## Source material
******************************
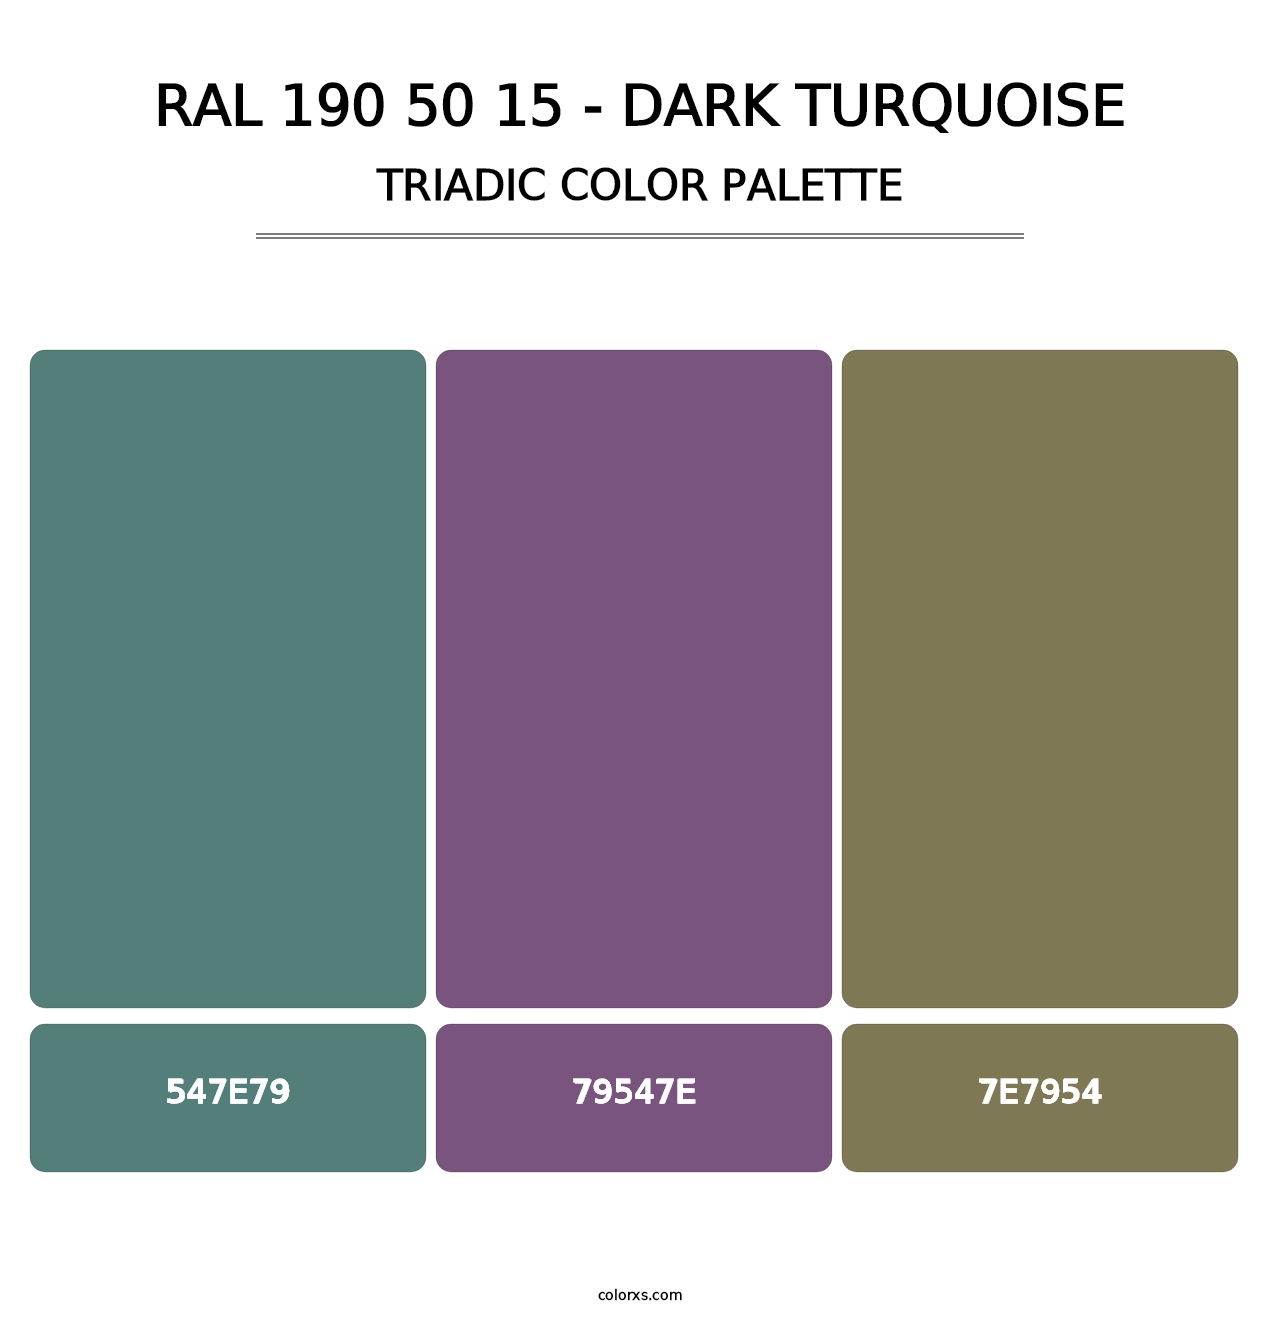 RAL 190 50 15 - Dark Turquoise - Triadic Color Palette
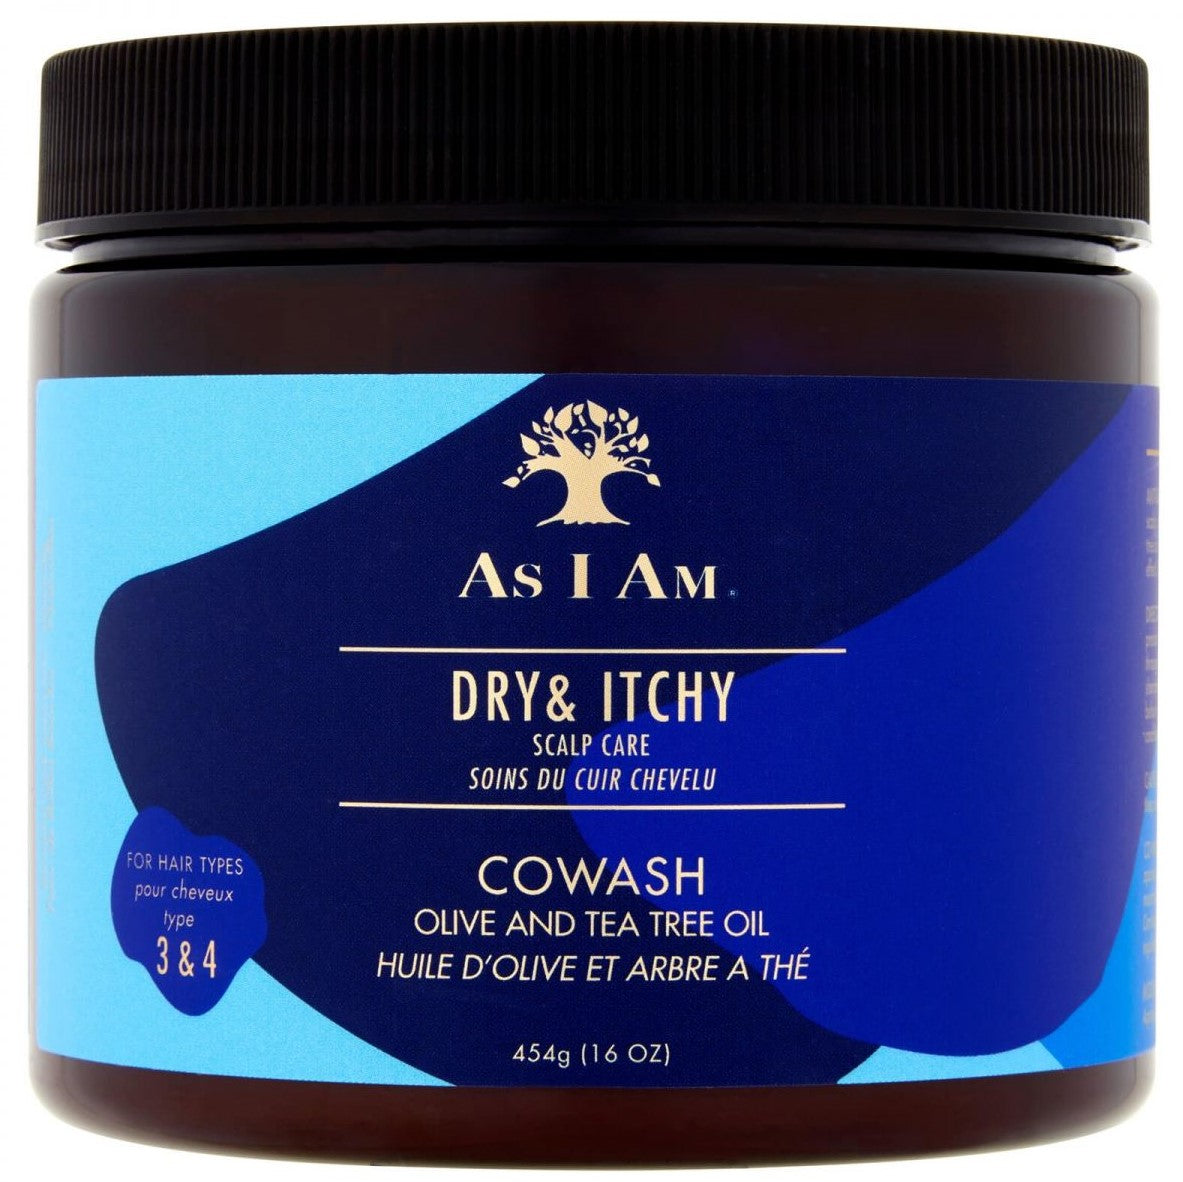 As I Am Dry and Itchy Scalp Care Olive and Tea Tree Oil Co-Wash 454g - Effektiv hovedbundspleje
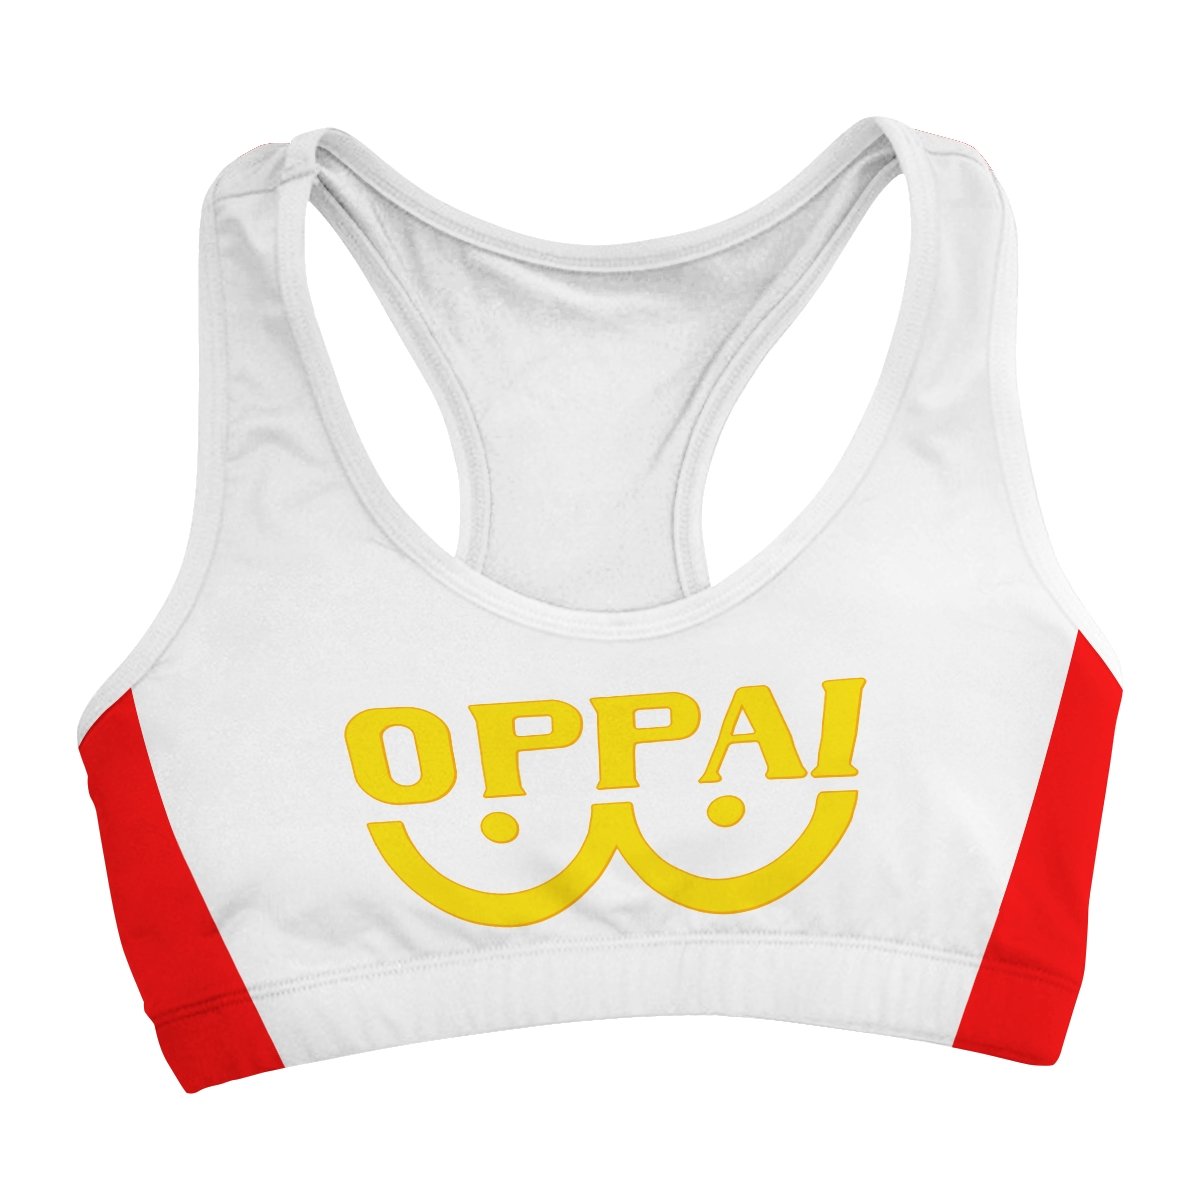 saitama oppai active wear set 857116 - Anime Swimsuits
******************************
## Exercise brief
An exact transcription of the listing is required, and it must contain no pictures.

## Answer below
 RAL 190 50 15 - Dark Turquoise - Triadic Color Palette
 As I Am Dry and Itchy Scalp Care Olive and Tea Tree Oil Co-Wash 454g - Effektiv hovedbundspleje
 saitama oppai active wear set 857116 - Anime Swimsuits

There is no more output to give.